Il ne s'agit pas d'une solution suisse", a déclaré Colm Kelleher, président d'UBS, cherchant à minimiser le rôle de la nationalité d'Ermotti dans l'obtention du poste, tout en concédant plus tard que "le fait d'être suisse aide" : "Le fait d'être suisse aide".

Selon M. Wittmann de Porta, M. Ermotti devra peut-être persuader les autorités suisses qu'UBS devrait conserver "la pièce de résistance", à savoir la banque domestique de Credit Suisse. "Il y a déjà une énorme pression pour qu'UBS s'en sépare", a-t-il déclaré.

RACINES SUISSES

M. Ermotti a commencé sa carrière en tant qu'apprenti adolescent à la banque familiale Corner Bank avant de travailler dans le département des titres et de faire sa grande percée chez Merrill Lynch en 1987, en démarrant une opération suisse sur les marchés des capitaux à partir de zéro.

Lors du krach financier de 2008, c'est UBS, et non le Credit Suisse, qui s'est taillé la part du lion dans le soutien de l'État. UBS a emprunté des dizaines de milliards de dollars pour aider à financer l'élimination des dettes problématiques, y compris les prêts subprime.

Ermotti, qui à l'époque mettait en avant ses racines suisses et s'engageait à redonner à la banque sa gloire d'antan, se voit attribuer le mérite du redressement de la banque.

M. Ermotti a adopté un ton prudent mercredi, aux côtés de M. Kelleher, président d'UBS, et a demandé "un peu de patience" pendant "quelques mois" pour permettre à la banque d'élaborer un plan.

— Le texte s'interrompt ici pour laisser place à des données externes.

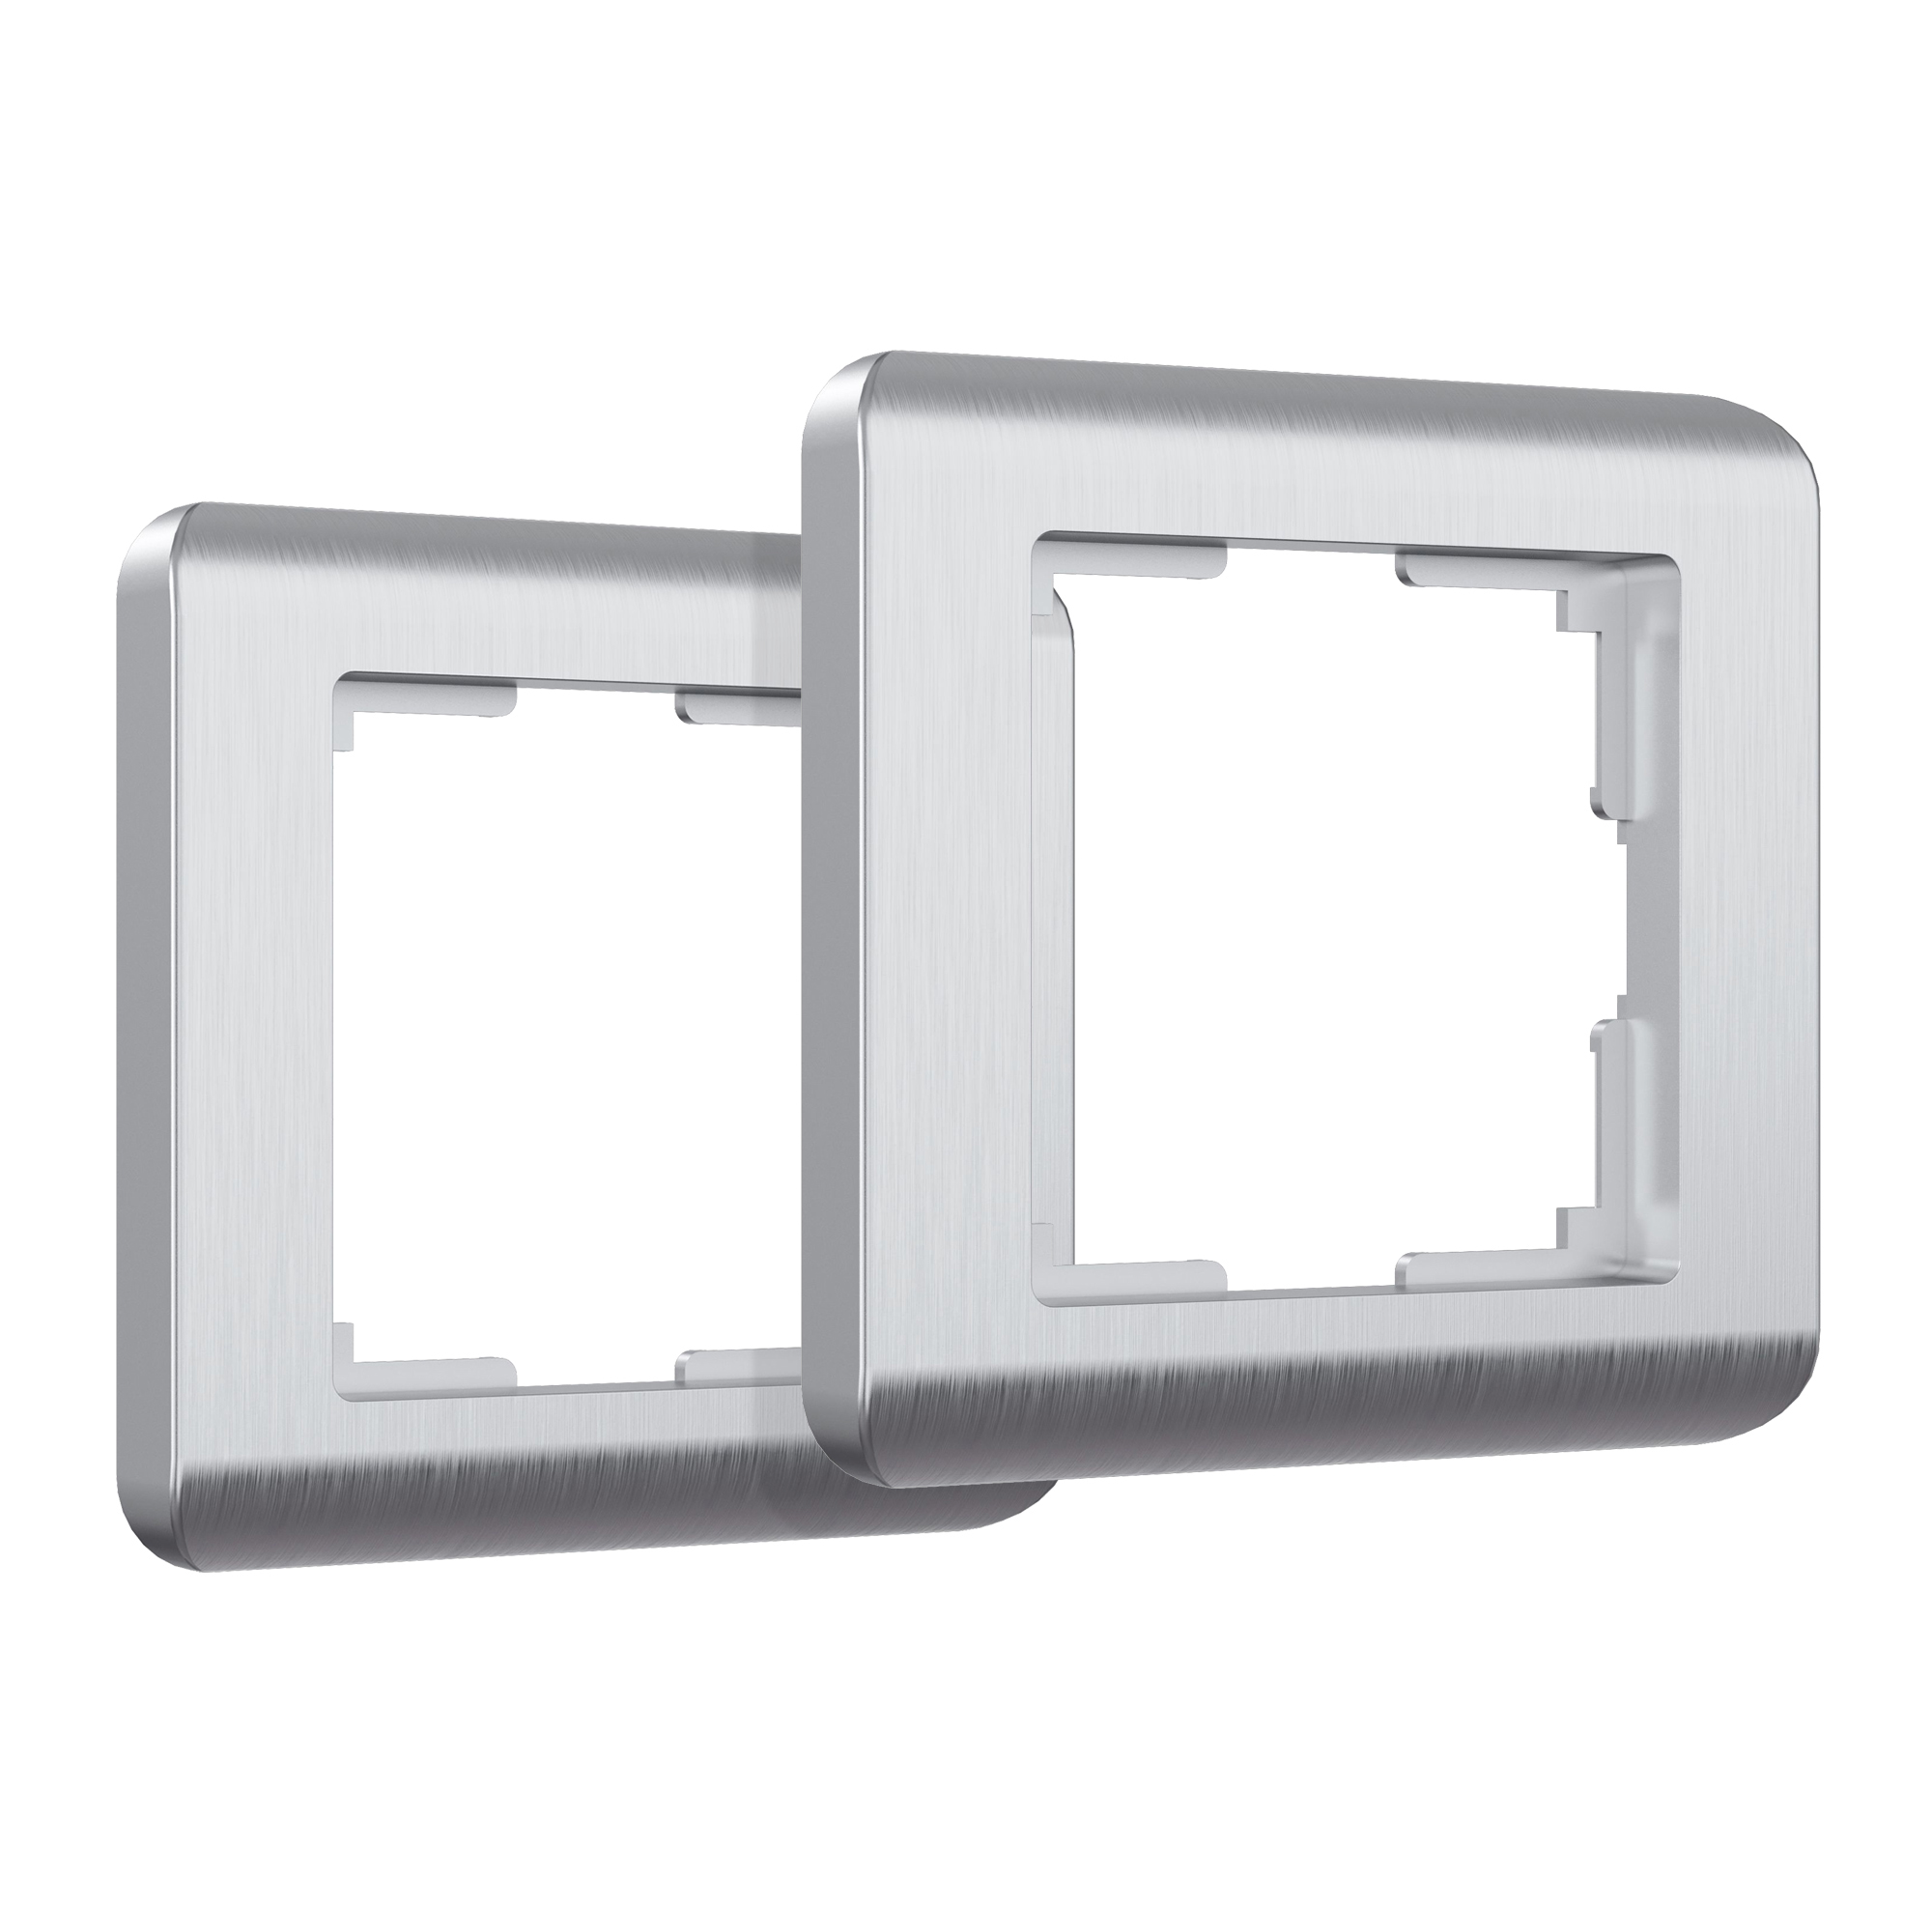 Рамка для розетки/выключателя на 1 пост (комплект 2 шт) Werkel Stream серебряный W0012106 терка для цедры металлическая доляна 11×7 5×1 2 см серебряный

L'un des plus grands défis d'Ermotti pourrait être d'empêcher les problèmes du Crédit Suisse de contaminer UBS, ce qui impliquerait le démantèlement de sa banque d'investissement et de ses produits dérivés encombrants.

Les analystes et les investisseurs sont inquiets. KBW a revu à la baisse les actions d'UBS. L'agence de notation Moody's a revu à la baisse les perspectives d'évolution de certaines notations de la banque.

"Sergio gérera la banque d'investissement", a déclaré Ralph Hamers, directeur général sortant d'UBS, à des journalistes, identifiant la banque d'investissement du Credit Suisse, qui a accumulé des pertes de plus de 6 milliards de francs suisses en 2021 et 2022, comme l'un des principaux risques de l'opération.

Cependant, démêler les finances du Credit Suisse n'est qu'une partie du problème.

"Si vous faites quelque chose de mal en tant que banque, ou si des personnes font de mauvaises choses au sein de la banque, cela vous coûte bien plus que n'importe quel risque de crédit ou position de marché", avait déclaré M. Ermotti à Bloomberg lorsqu'il était encore directeur général.

Pour rappeler les problèmes du Credit Suisse, la commission des finances du Sénat américain a publié un rapport accablant mercredi, affirmant que la banque avait continué à aider des Américains ultra-riches à échapper à l'impôt, même après avoir conclu un accord avec le gouvernement américain en 2014.

"Nous ne voulons pas importer une mauvaise culture chez UBS", a déclaré M. Kelleher. "Il est clair que certaines parties du Credit Suisse ont eu une mauvaise culture. Nous devons passer tout le monde au filtre de la culture".